[Stored dataset items]
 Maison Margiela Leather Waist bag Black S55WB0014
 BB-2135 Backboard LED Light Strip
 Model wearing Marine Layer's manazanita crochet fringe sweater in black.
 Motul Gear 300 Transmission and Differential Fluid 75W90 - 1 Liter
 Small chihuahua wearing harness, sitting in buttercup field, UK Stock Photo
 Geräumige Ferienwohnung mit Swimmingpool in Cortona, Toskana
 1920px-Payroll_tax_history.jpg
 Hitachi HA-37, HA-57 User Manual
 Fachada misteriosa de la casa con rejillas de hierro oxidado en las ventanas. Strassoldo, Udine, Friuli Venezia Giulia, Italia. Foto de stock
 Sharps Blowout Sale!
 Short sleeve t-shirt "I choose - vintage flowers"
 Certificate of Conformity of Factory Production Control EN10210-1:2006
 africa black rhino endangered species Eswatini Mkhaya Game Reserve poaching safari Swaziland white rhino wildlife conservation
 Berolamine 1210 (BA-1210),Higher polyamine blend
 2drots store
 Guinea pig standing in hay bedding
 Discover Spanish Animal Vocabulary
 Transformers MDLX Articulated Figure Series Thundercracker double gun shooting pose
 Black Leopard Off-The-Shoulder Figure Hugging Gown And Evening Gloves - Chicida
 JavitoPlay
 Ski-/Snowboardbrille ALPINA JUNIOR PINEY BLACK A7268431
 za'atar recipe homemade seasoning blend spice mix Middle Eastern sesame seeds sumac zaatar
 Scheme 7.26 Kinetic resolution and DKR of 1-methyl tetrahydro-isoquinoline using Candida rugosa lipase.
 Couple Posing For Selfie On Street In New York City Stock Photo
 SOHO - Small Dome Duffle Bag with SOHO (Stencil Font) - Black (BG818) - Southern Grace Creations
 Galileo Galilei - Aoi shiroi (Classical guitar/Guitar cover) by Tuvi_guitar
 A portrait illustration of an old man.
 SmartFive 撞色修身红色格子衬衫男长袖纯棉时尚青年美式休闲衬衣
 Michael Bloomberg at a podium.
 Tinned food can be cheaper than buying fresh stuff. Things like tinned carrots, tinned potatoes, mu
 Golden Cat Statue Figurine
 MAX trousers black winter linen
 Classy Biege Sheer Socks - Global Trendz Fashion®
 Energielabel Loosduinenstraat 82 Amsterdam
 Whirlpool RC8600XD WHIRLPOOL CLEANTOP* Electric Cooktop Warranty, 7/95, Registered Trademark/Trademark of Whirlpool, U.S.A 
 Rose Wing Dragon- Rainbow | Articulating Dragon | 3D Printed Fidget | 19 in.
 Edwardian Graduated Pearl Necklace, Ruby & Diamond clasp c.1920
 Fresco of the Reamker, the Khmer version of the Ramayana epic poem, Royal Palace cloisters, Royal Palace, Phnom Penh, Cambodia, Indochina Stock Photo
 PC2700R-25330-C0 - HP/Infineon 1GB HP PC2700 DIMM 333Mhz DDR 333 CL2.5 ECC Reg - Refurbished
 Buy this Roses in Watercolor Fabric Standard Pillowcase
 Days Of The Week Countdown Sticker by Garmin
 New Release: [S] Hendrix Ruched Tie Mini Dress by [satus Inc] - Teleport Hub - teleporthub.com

#### [PROBLEM REQUIREMENTS]
Repeat all of the records above exactly as they appear.

#### [EXERCISE OUTPUT]
 Maison Margiela Leather Waist bag Black S55WB0014
 BB-2135 Backboard LED Light Strip
 Model wearing Marine Layer's manazanita crochet fringe sweater in black.
 Motul Gear 300 Transmission and Differential Fluid 75W90 - 1 Liter
 Small chihuahua wearing harness, sitting in buttercup field, UK Stock Photo
 Geräumige Ferienwohnung mit Swimmingpool in Cortona, Toskana
 1920px-Payroll_tax_history.jpg
 Hitachi HA-37, HA-57 User Manual
 Fachada misteriosa de la casa con rejillas de hierro oxidado en las ventanas. Strassoldo, Udine, Friuli Venezia Giulia, Italia. Foto de stock
 Sharps Blowout Sale!
 Short sleeve t-shirt "I choose - vintage flowers"
 Certificate of Conformity of Factory Production Control EN10210-1:2006
 africa black rhino endangered species Eswatini Mkhaya Game Reserve poaching safari Swaziland white rhino wildlife conservation
 Berolamine 1210 (BA-1210),Higher polyamine blend
 2drots store
 Guinea pig standing in hay bedding
 Discover Spanish Animal Vocabulary
 Transformers MDLX Articulated Figure Series Thundercracker double gun shooting pose
 Black Leopard Off-The-Shoulder Figure Hugging Gown And Evening Gloves - Chicida
 JavitoPlay
 Ski-/Snowboardbrille ALPINA JUNIOR PINEY BLACK A7268431
 za'atar recipe homemade seasoning blend spice mix Middle Eastern sesame seeds sumac zaatar
 Scheme 7.26 Kinetic resolution and DKR of 1-methyl tetrahydro-isoquinoline using Candida rugosa lipase.
 Couple Posing For Selfie On Street In New York City Stock Photo
 SOHO - Small Dome Duffle Bag with SOHO (Stencil Font) - Black (BG818) - Southern Grace Creations
 Galileo Galilei - Aoi shiroi (Classical guitar/Guitar cover) by Tuvi_guitar
 A portrait illustration of an old man.
 SmartFive 撞色修身红色格子衬衫男长袖纯棉时尚青年美式休闲衬衣
 Michael Bloomberg at a podium.
 Tinned food can be cheaper than buying fresh stuff. Things like tinned carrots, tinned potatoes, mu
 Golden Cat Statue Figurine
 MAX trousers black winter linen
 Classy Biege Sheer Socks - Global Trendz Fashion®
 Energielabel Loosduinenstraat 82 Amsterdam
 Whirlpool RC8600XD WHIRLPOOL CLEANTOP* Electric Cooktop Warranty, 7/95, Registered Trademark/Trademark of Whirlpool, U.S.A 
 Rose Wing Dragon- Rainbow | Articulating Dragon | 3D Printed Fidget | 19 in.
 Edwardian Graduated Pearl Necklace, Ruby & Diamond clasp c.1920
 Fresco of the Reamker, the Khmer version of the Ramayana epic poem, Royal Palace cloisters, Royal Palace, Phnom Penh, Cambodia, Indochina Stock Photo
 PC2700R-25330-C0 - HP/Infineon 1GB HP PC2700 DIMM 333Mhz DDR 333 CL2.5 ECC Reg - Refurbished
 Buy this Roses in Watercolor Fabric Standard Pillowcase
 Days Of The Week Countdown Sticker by Garmin
 New Release: [S] Hendrix Ruched Tie Mini Dress by [satus Inc] - Teleport Hub - teleporthub.com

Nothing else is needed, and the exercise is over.